More important, coverage that focuses on the stupid things Trump says will be limited to responding to those things and so will remain unresponsive to the more urgent and vexing problems of the moment. New York University journalism professor Jay Rosen has suggested that newsrooms “suspend normal relations” with the White House in an attempt to remedy this—to refuse to air Trump’s briefings live and to focus more on what is actually happening than on what various powerful parties are saying about it. So far, the cable networks that remain the most outsize force in American politics have been unwilling or unable to do this. And so we get what we get. “When the news itself is unstable—when leaders and institutions are crashing and flailing all around us,” Maria Bustillos writes at Columbia Journalism Review, “conventional media is with few exceptions incapable of providing an accurate picture of the facts.”

This is especially troubling because confusing and frightening things really are happening, every day. Thousands of Americans are dying, every day, from a disease that, as a quadruple-bylined survey in Science concluded, “acts like no pathogen humanity has ever seen.” For more than a month, state and federal leaders have edged up to suggesting that this is something the country might just play through, shedding thousands of lives every day in the name of the American Way and various industries’ bottom lines; states are already gearing up for this kamikaze response to an unreasoning virus.
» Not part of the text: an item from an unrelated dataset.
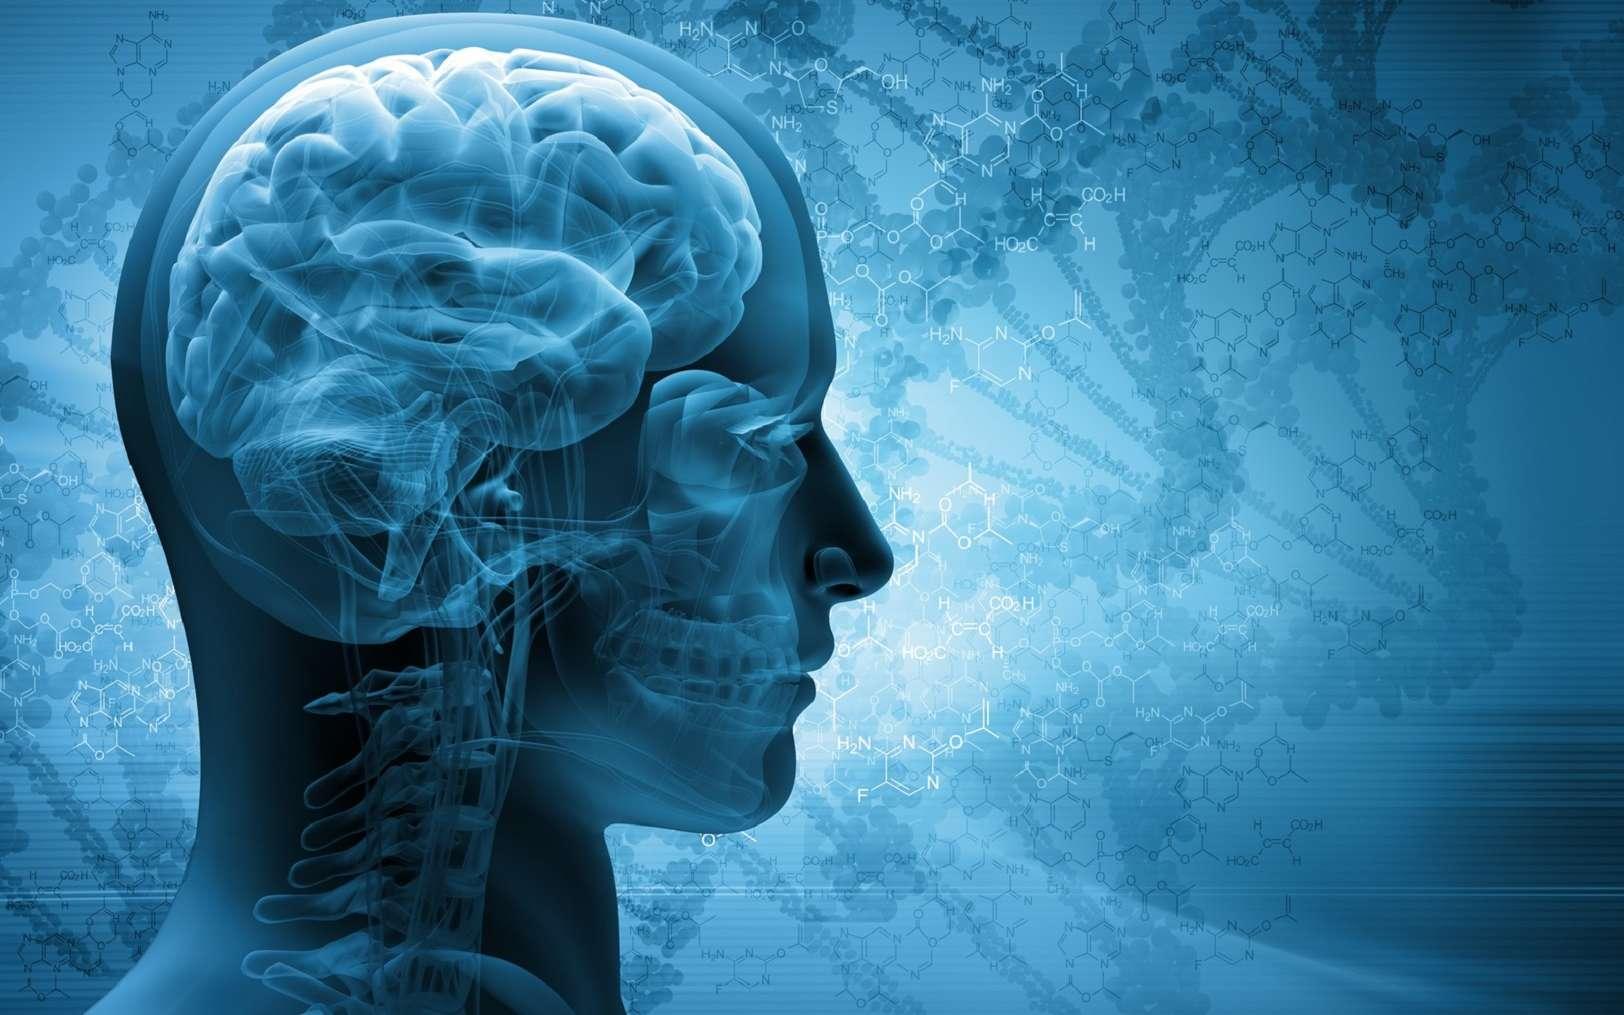 Un cerveau gros permet de trouver plus facilement des solutions aux problèmes posés par le milieu de vie. © adimas, Fotolia
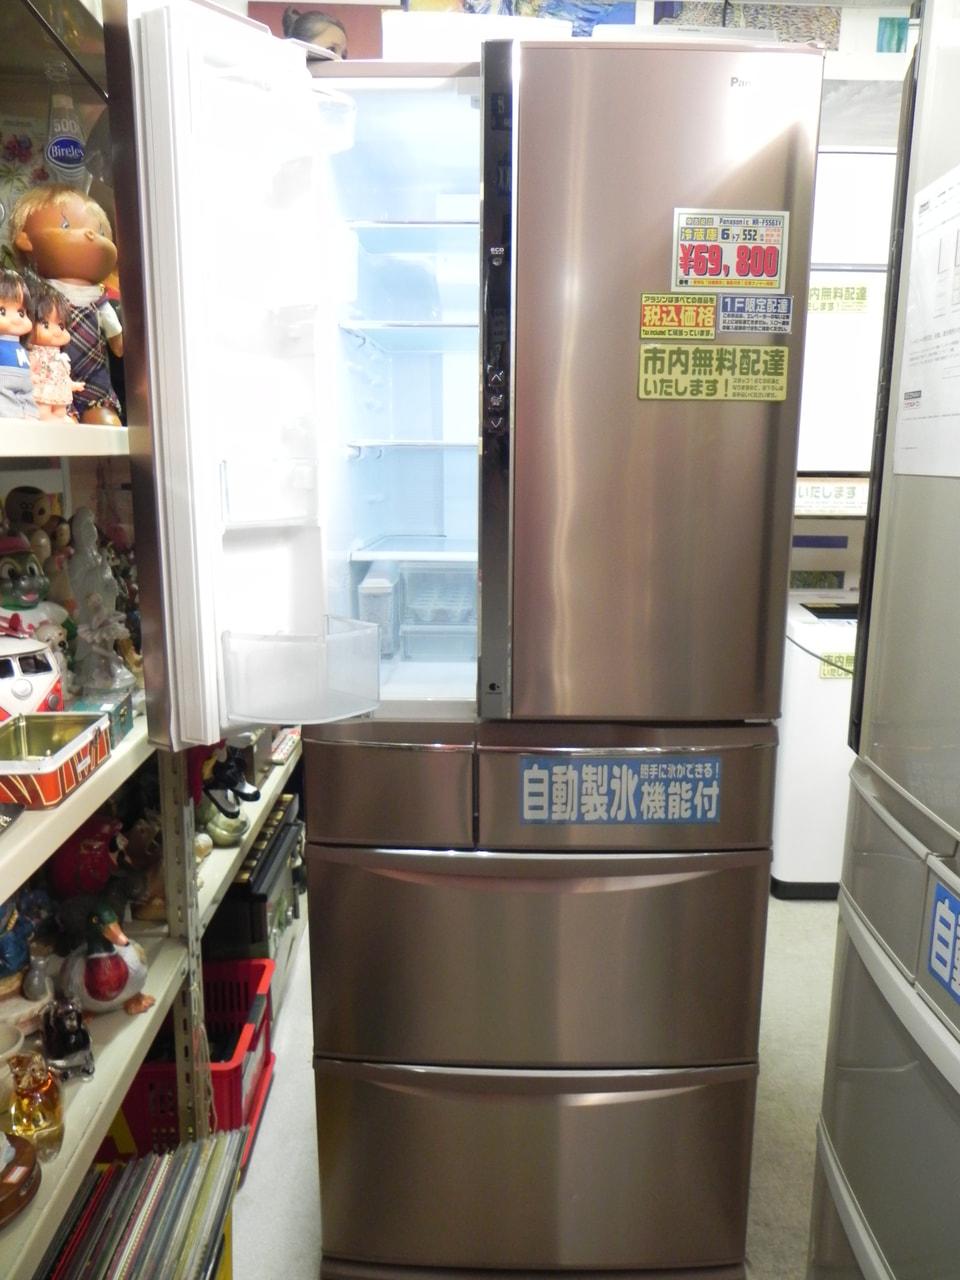 「自動製氷」機能付き6ドア冷蔵庫 Panasonic NR-F556XV

Trump is fixated on various numbers that he can watch go up or down and on not losing his reelection campaign; he fights to win the day because it’s all he knows and how he lives, and he’ll govern that way until he isn’t governing anymore. There is no leadership of any kind coming from the top of the government, and while it’s hard to say what the Democrats are doing, exactly, “leadership” surely isn’t the word for it. All of it, quite literally, is a matter of life and death. Right now, either out of instinct or inertia, the culture is tipping toward the latter.
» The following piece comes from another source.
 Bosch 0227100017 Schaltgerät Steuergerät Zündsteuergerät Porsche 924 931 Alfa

And yet, as with the broken system that perpetually elevates what Trump says over what he does—the treacherous spectacle that puts him back in those presidential close-ups day after day—the obvious failure of it all has somehow not led to a change in course. The institutions that might help people understand a uniquely terrifying world instead turn, daily, back toward the uncomprehending pursuit of an idiot king’s vinegary whims. When a reporter from The Washington Post stammered out a question last week about Trump’s stance on disinfectant/sunlight injections, Trump was already leaning in, manifestly out over his skis and yet comfortably in his element. “I’m the president,” he said, “and you’re fake news.” Here is what he said after that: “It’s just a suggestion. From a brilliant lab, from a very very smart, perhaps brilliant man. He’s talking about sun, he’s talking about heat. And you see the numbers. That’s it, that’s all I have. I’m just here to present talent. I’m here to present ideas.” It’s not an answer, but it was enough to get him to the next question. Trump didn’t know the answer to that one, either, but someone was still waiting to ask it.